Code follows project style
Pre-commit hooks pass
Documentation updated (if needed)

Captures qps, request/TTFT/TPOT latency percentiles, and scalar metrics into a run_metadata.json artifact in the report directory. Infrastructure fields (tensor_parallel, config_summary, etc.) are left as None for a separate sysinfo population step. Failure to write run_metadata.json is isolated so results.json is never suppressed. Co-Authored-By: Claude Sonnet 4.6 <noreply@anthropic.com>

Replaces datetime.now(UTC) (finalization time) with monotime_to_datetime(bench.session.start_time_ns).date().isoformat(), recording the date the benchmark actually started as a YYYY-MM-DD string. Also threads start_time_ns through _build_run_metadata as a keyword arg and updates all test call sites to pass _START_NS. Co-Authored-By: Claude Sonnet 4.6 <noreply@anthropic.com>

datetime.fromtimestamp() in monotime_to_datetime() returns naive local time. .astimezone(UTC) before .date() ensures run_date is always the UTC calendar date, making the value consistent across machines in different timezones.
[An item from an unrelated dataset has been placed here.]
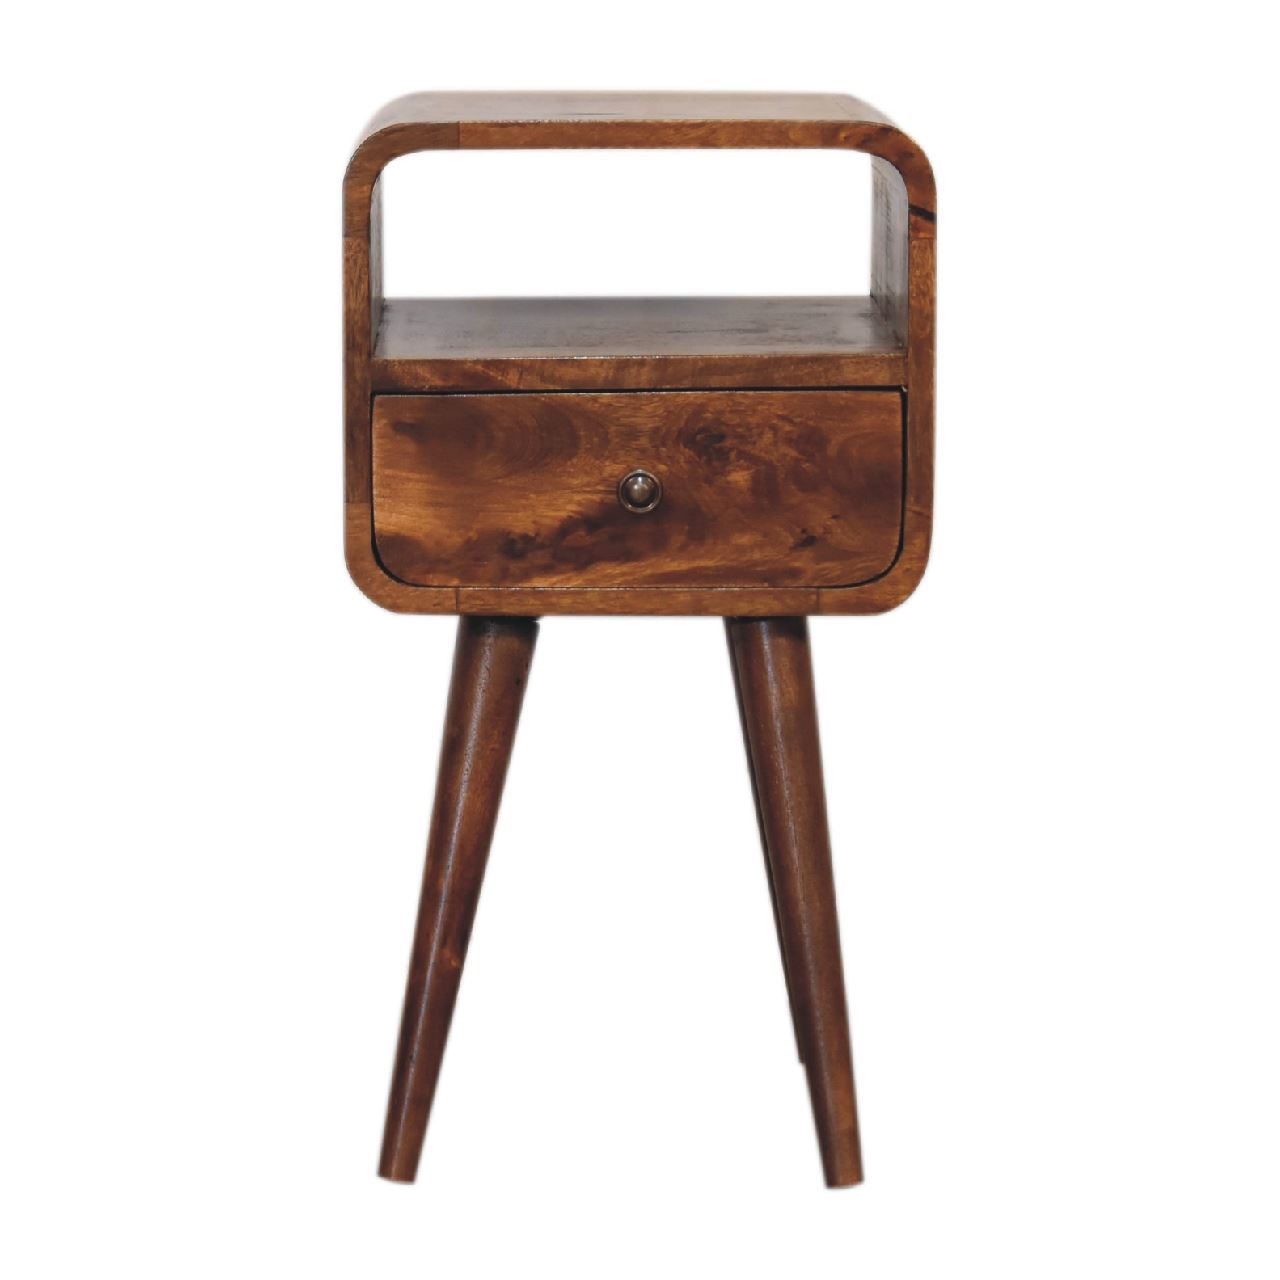 Artisan Mini Chestnut Curved Bedside Table with Open Slot

Co-Authored-By: Claude Sonnet 4.6 <noreply@anthropic.com>

- Add concurrency field (from load_pattern.target_concurrency) - Rename measured_latency_*_avg → measured_latency_*_average - Reorder all fields to match the canonical submission field order Co-Authored-By: Claude Sonnet 4.6 <noreply@anthropic.com>

github-actions · 2026-06-23T20:29:32Z

MLCommons CLA bot All contributors have signed the MLCommons CLA ✍️ ✅

gemini-code-assist

Code Review

This pull request introduces the generation of a run_metadata.json file containing benchmark run metrics during finalization, along with comprehensive unit tests. The review feedback highlights a potential ZeroDivisionError if concurrency is zero, compatibility concerns with Python versions older than 3.11 due to the direct import of UTC from datetime, and a recommendation to explicitly specify UTF-8 encoding when writing the metadata file.

Important

The consumer version of Gemini Code Assist on GitHub is being sunset. Starting June 18, 2026, new organization installations will be blocked, and all code review activity will officially cease on July 17, 2026.
For more details on the timeline and next steps, please review the Help Documentation.
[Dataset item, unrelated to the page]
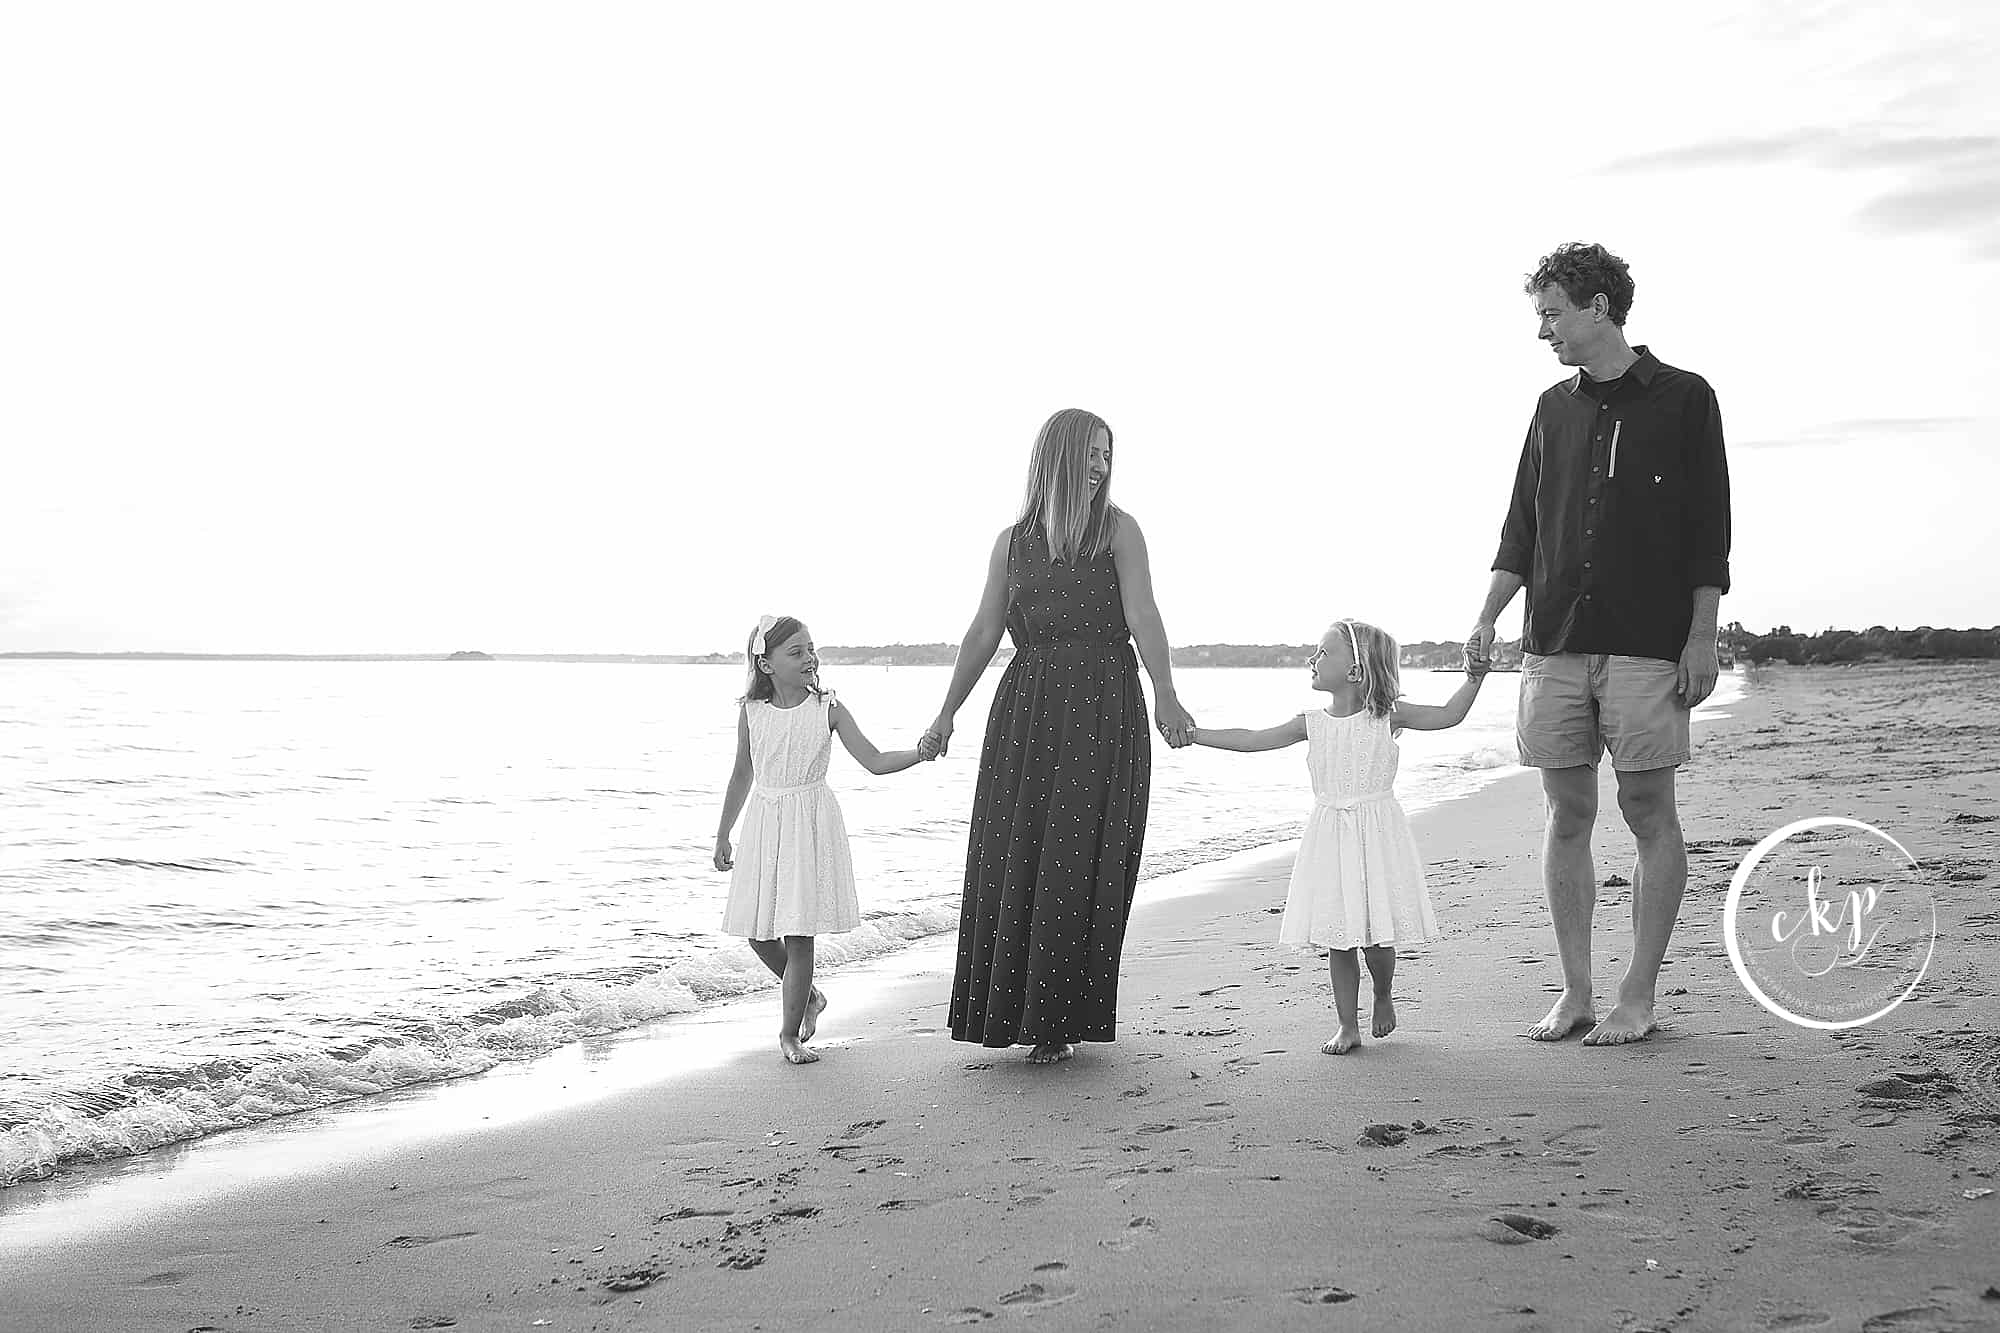 CT Shoreline Beach Sessions 2017 - part 1 |  CT Family Photography

gemini-code-assist · 2026-06-23T20:30:20Z

 from dataclasses import dataclass, field
 from dataclasses import replace as dataclass_replace
-from datetime import datetime
+from datetime import UTC, datetime


Importing UTC directly from datetime was introduced in Python 3.11. If this project is run on Python 3.10 or older, this import will raise an ImportError. To ensure backward compatibility with older Python versions, it is safer to import timezone and use timezone.utc instead.

Suggested change

from datetime import UTC, datetime

from datetime import datetime, timezone

I think this is fine as the project uses python>3.12 as detailed here

gemini-code-assist · 2026-06-23T20:30:20Z

+        "run_date": monotime_to_datetime(start_time_ns)
+        .astimezone(UTC)
+        .date()
+        .isoformat(),


Use timezone.utc instead of UTC to maintain compatibility with Python versions older than 3.11.

Suggested change

"run_date": monotime_to_datetime(start_time_ns)

.astimezone(UTC)

.date()

.isoformat(),

"run_date": monotime_to_datetime(start_time_ns)

.astimezone(timezone.utc)

.date()

.isoformat(),

I think this is fine as the project uses python>3.12 as detailed here

- Guard tps_per_user division against concurrency=0 (falsy check instead of `is not None`) to prevent ZeroDivisionError - Add encoding="utf-8" to run_metadata.json open() for platform safety Co-Authored-By: Claude Sonnet 4.6 <noreply@anthropic.com>

nvzhihanj · 2026-06-23T21:54:35Z

+        ),
+        "link_config": None,
+        "link_logs": None,
+        "measured_latency_ttft_min": _metric_stat(ttft, "min"),


Hi Anandu, I would suggest that we have submission checker or other means to auto-generate the run_metadata.json by reading the results_summary.json in post-processing, i.e. make results_summary.json self complete and don't create more output file that duplicate contents.

By creating more separate files with a similar set of metrics, we are increasing the entropy of the system and decreasing the maintainability of the module. Not all scenarios will have the TTFT/TPOT in endpoints (e.g. T2V, VLM).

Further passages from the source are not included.